First, Caroline Casey put Ireland on the accessibility map. Now she's changing the global social landscape for people with disabilities.
Caroline Casey has dedicated the past decade of her life to changing how global society views people with disabilities. In 2000, she rode 1,000 kilometers across India on an elephant to raise funds for Sight Savers. Then, as founding CEO of Kanchi in Dublin, she developed a set of best practices (based on ISO 9000 quality standards) for businesses, to help them see "disabled" workers as an asset as opposed to a liability. Hundreds of companies have adopted the standards, changing their policies and attitudes.

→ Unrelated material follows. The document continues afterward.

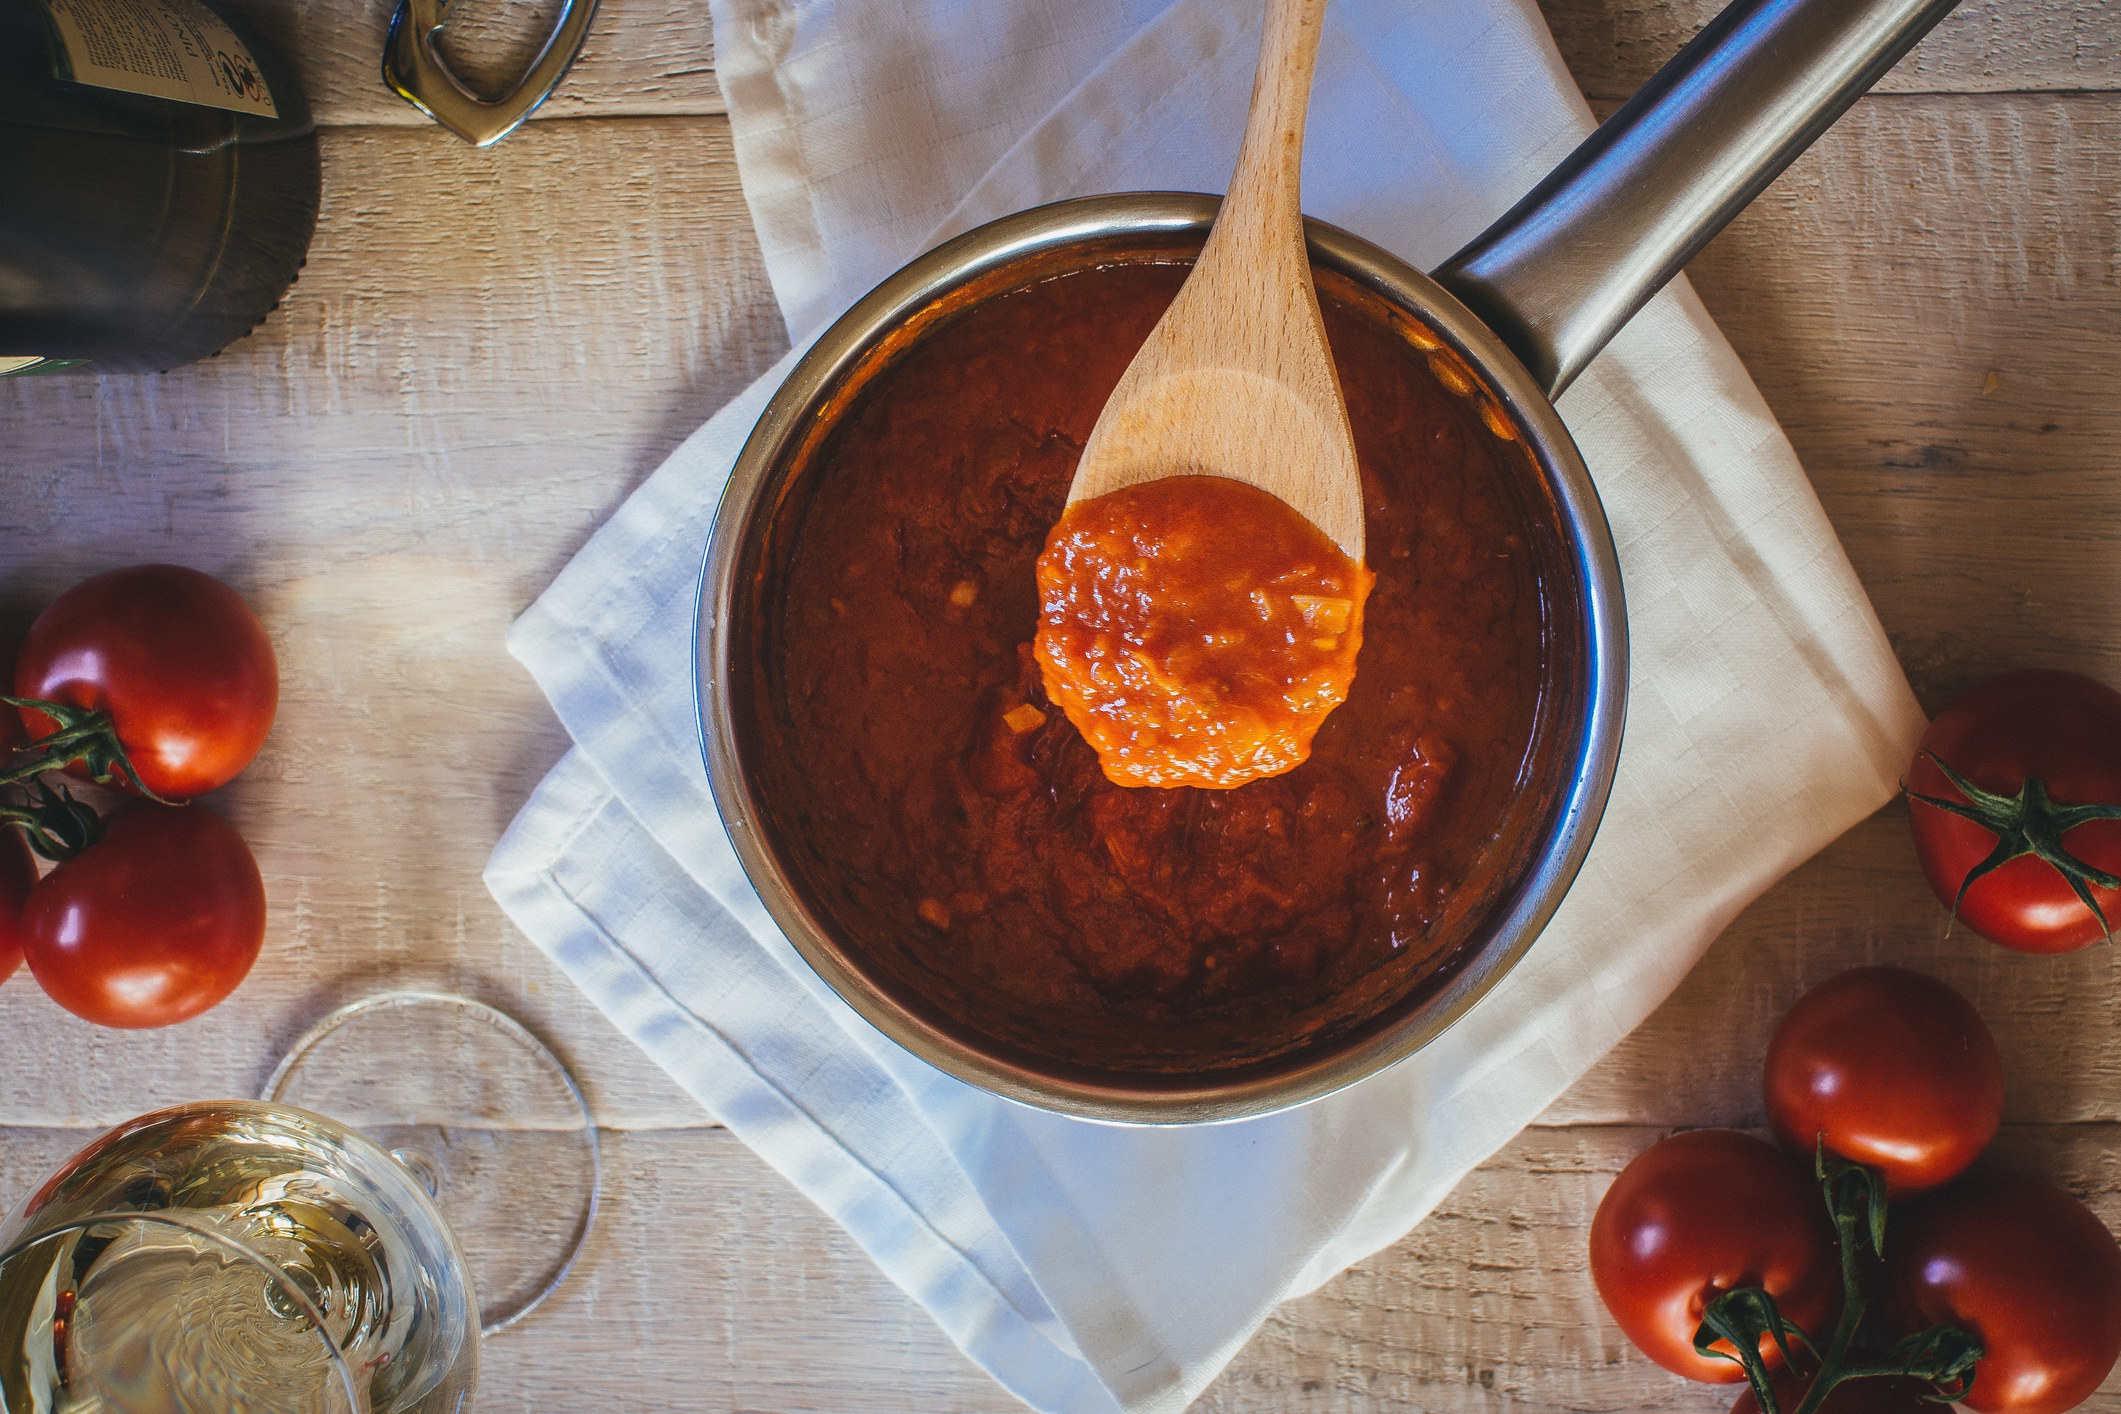 Cooking tomato sauce in a pan.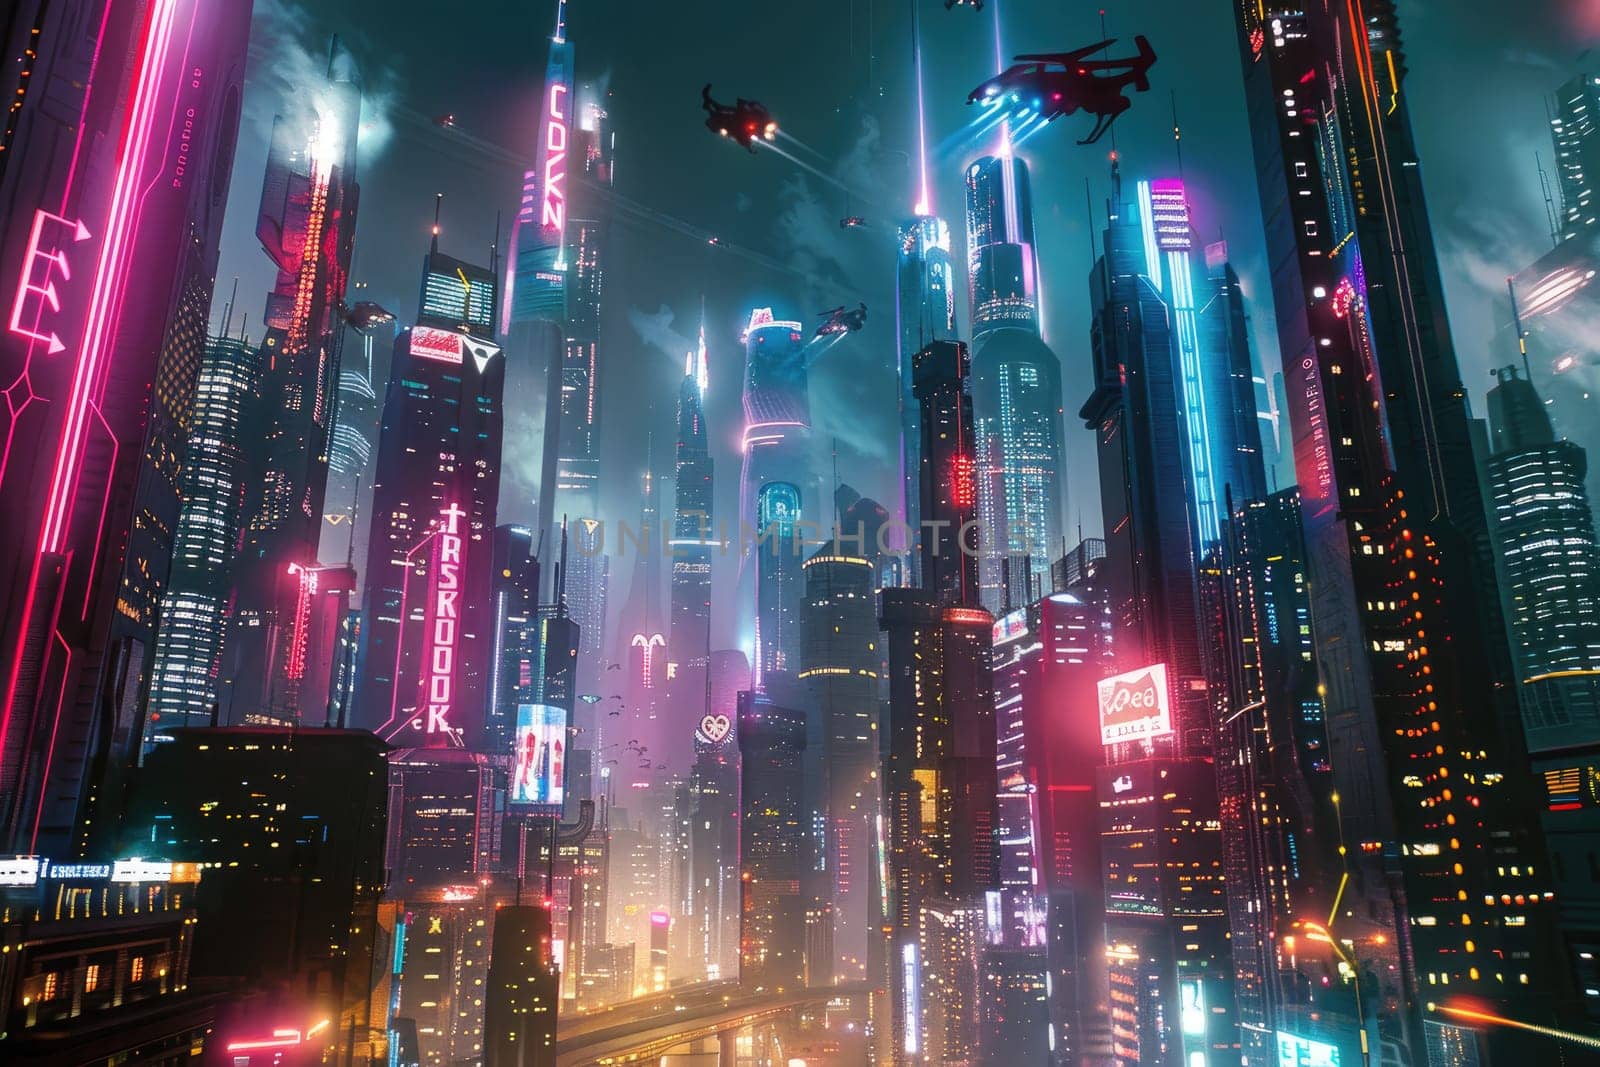 Futuristic cityscape rendered in 3D, with towering skyscraper illuminated by neon lights and flying

In 2004, Casey started the O2 Ability Awards to recognize Irish businesses for their inclusion of people with disabilities, both as employees and customers. The initiative has received international praise and, in 2010, a parallel program was launched in Spain.
"She is one of those people who, instead of just talking about changing the world, gets up and actually does it however tough the doing of it turns out to be. "The Irish Times
“Stop with the labels … because we are not jam jars; we are extraordinary, different, wonderful people.”
“Every single one of us — woman, man, gay, straight, disabled, perfect, normal, whatever — everyone of us must be the very best of ourselves.”
“I never needed eyes to see — never. I simply needed vision and belief.”